Rep. Jim Gibbons, R-Nev., who succeeded in getting the two-thirds vote requirement before Nevada voters, said in a statement the review article seems to endorse the concept in his new Education First Initiative.

The article "seems to believe that the best way to have maintained the two-thirds requirement to raise taxes while funding education in Nevada would have been to reopen the budget, fund education first, and then fund the rest of the budget," he said.

Ken Lange, executive director of the Nevada State Education Association, said the law review article is a single point of view.

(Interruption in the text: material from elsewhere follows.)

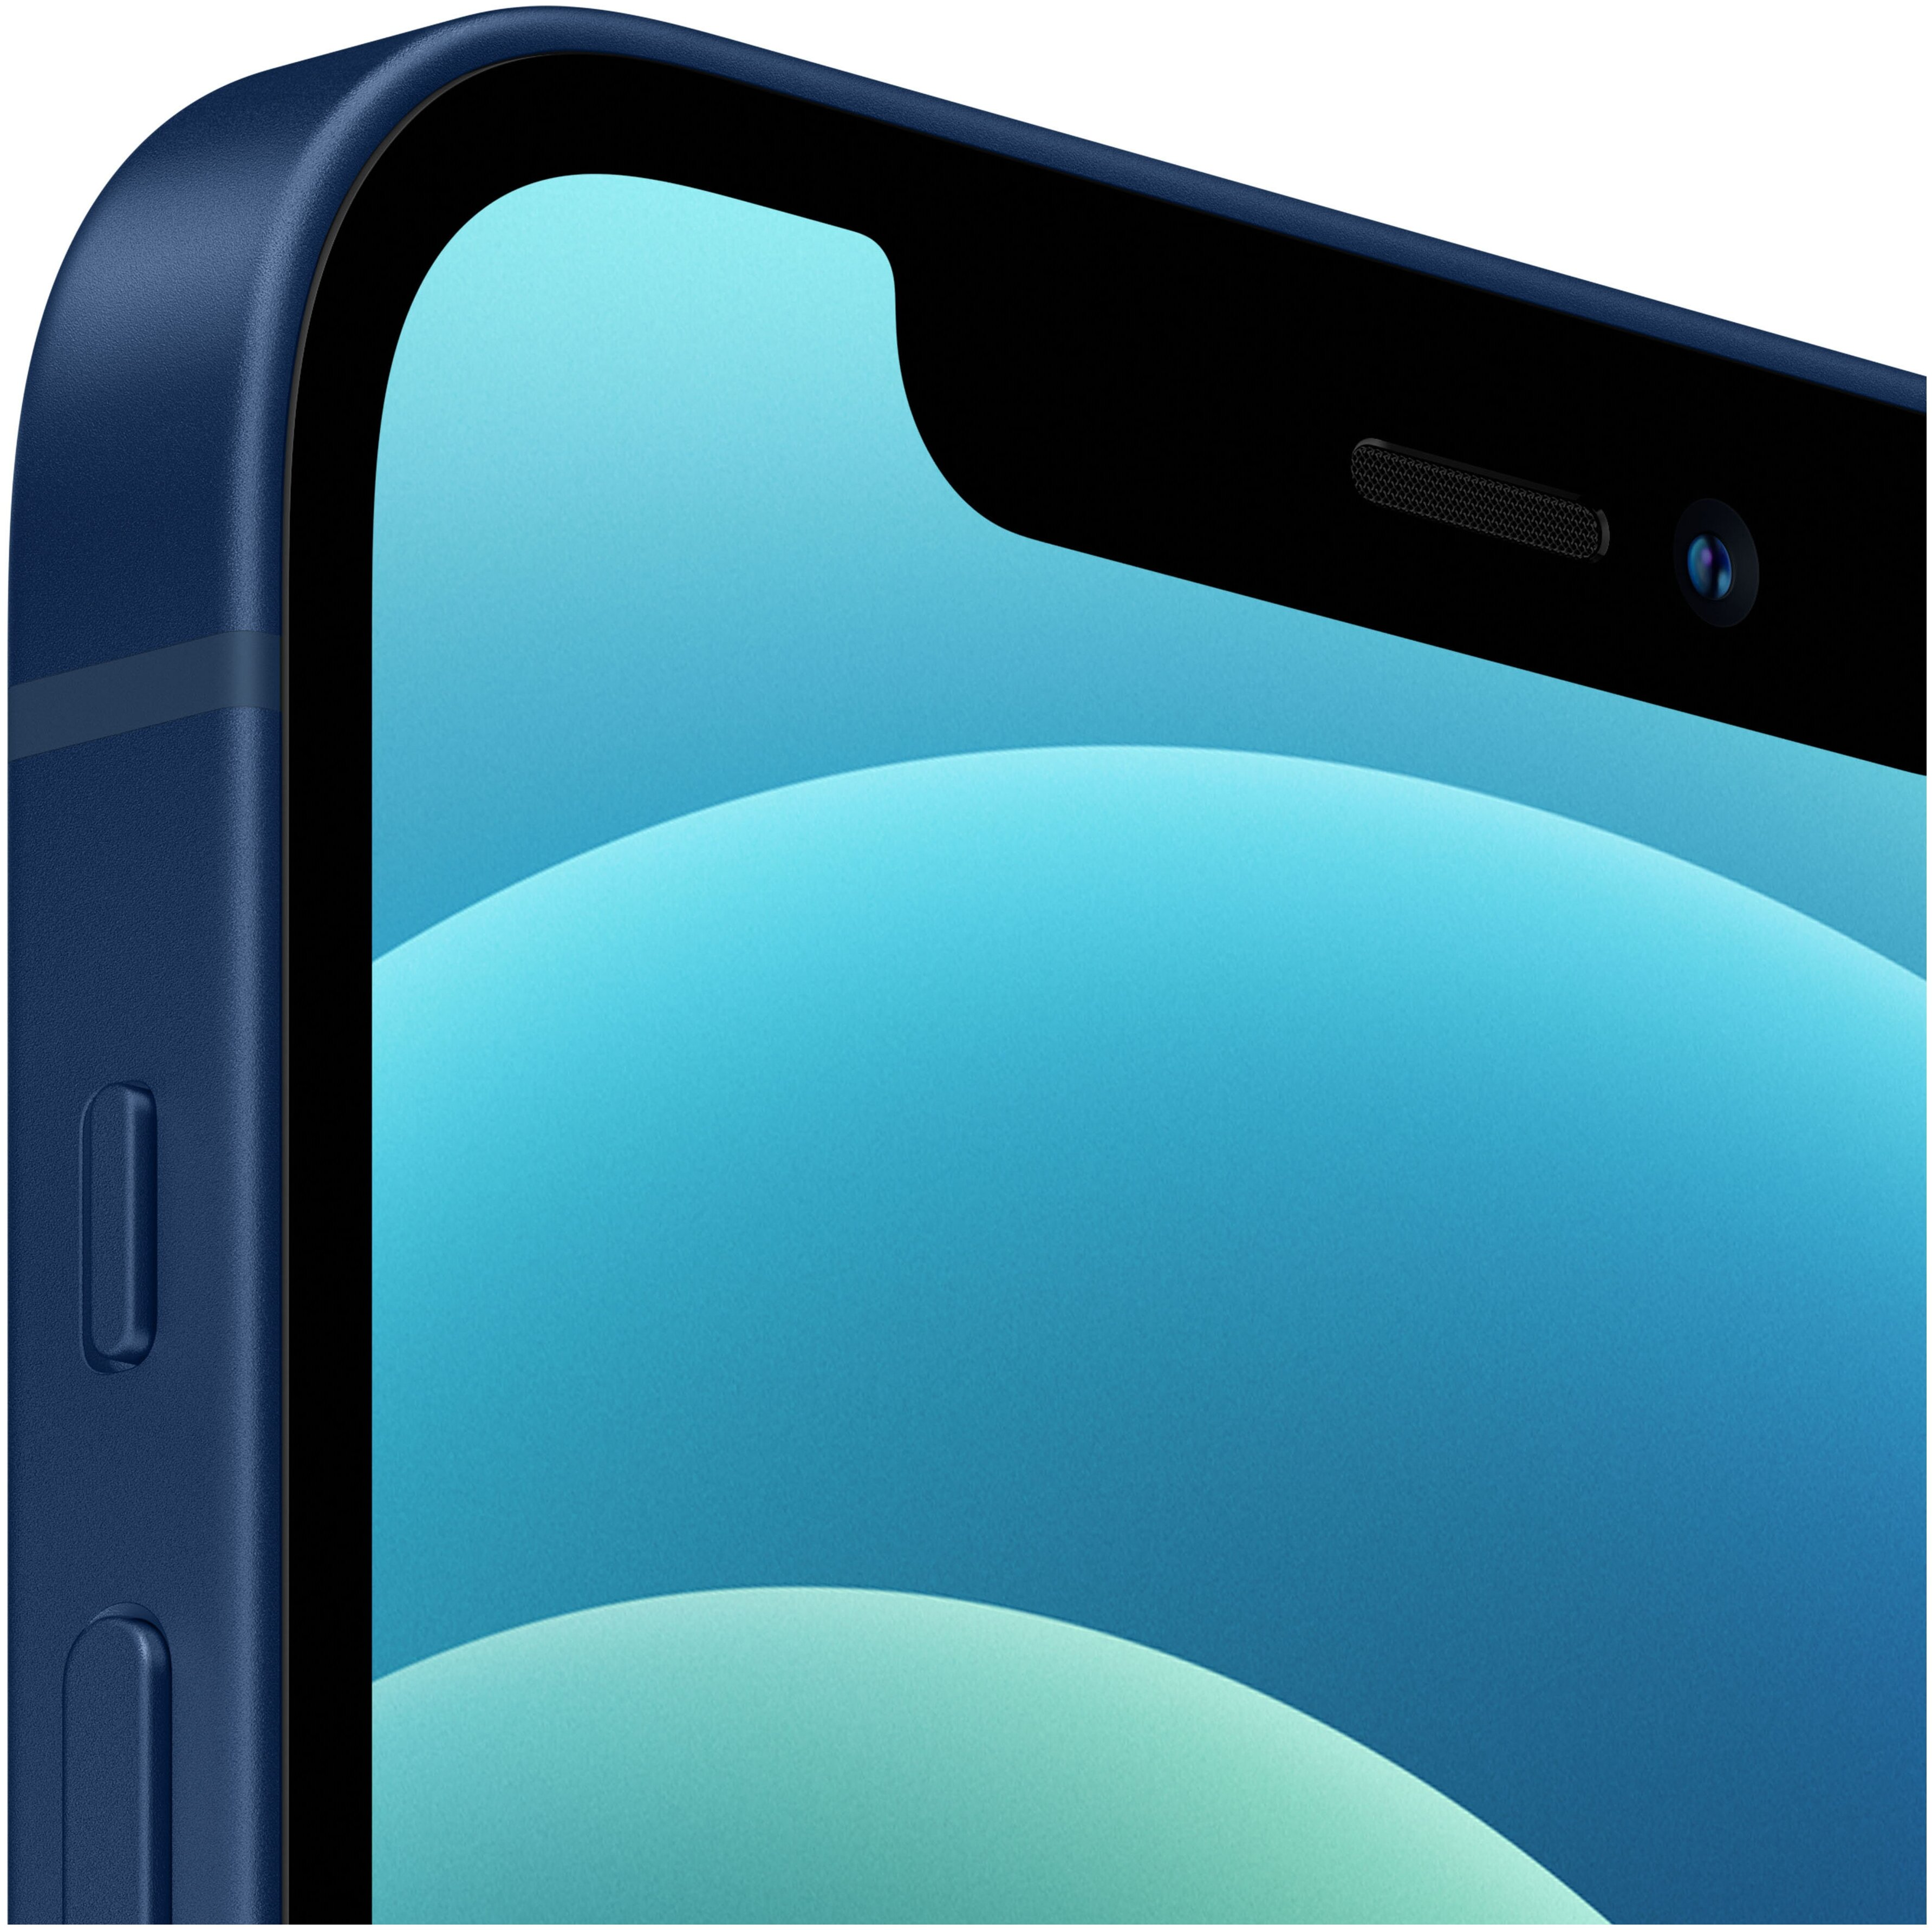 Apple iPhone 12 128GB - память: 128ГБ
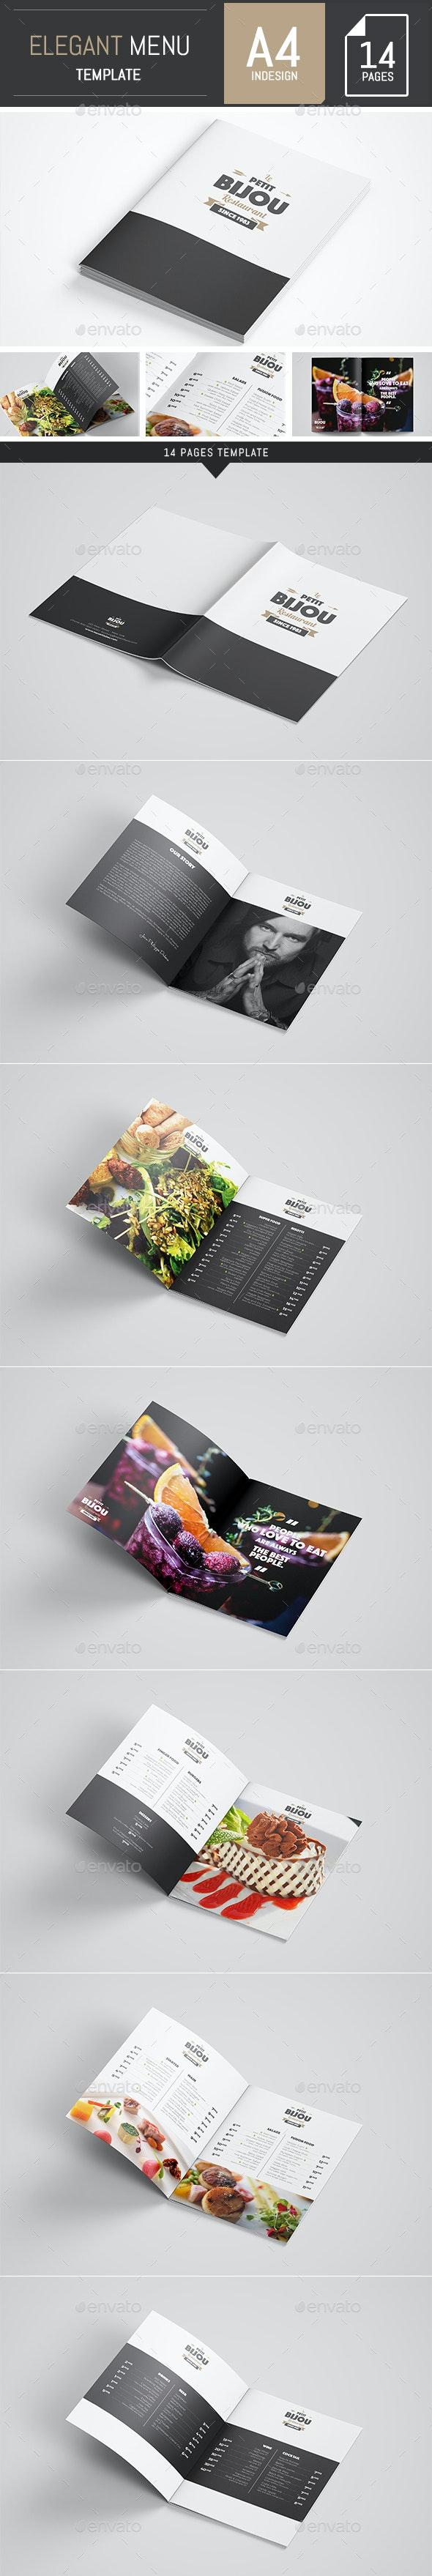 Elegant and Classy Food / Restaurant Menu A4 Brochure Template - Indesign - Food Menus Print Templates

"Had the court followed that course of action and directed the Legislature to undo what it had already done, it might have meddled more in the legislative process than it did by telling lawmakers to get busy and solve it and by taking out the (two-thirds) roadblock," Lange said.

"We believe the court acted properly," he said.

The law review article also said the court misapplied its own court rule by saying substantive provisions in law (the requirement that public education be funded) carry more weight than procedural provisions (the two-thirds requirement to raise taxes).

Such a rule "grants too much discretion to the court," the article said. Procedural requirements are "essential to the functioning of a government."

The court's departure from its own rules poses a serious threat to the separation of powers, the article said.

"In favoring a specific remedy for the Legislature's failure to meet its education mandate, the court overstepped its proper role," the article said. "The court could easily have reconciled the clear and specific provision with the broader substantive right to education, leaving the duty to resolve the political question of funding squarely where it belongs -- with the Legislature."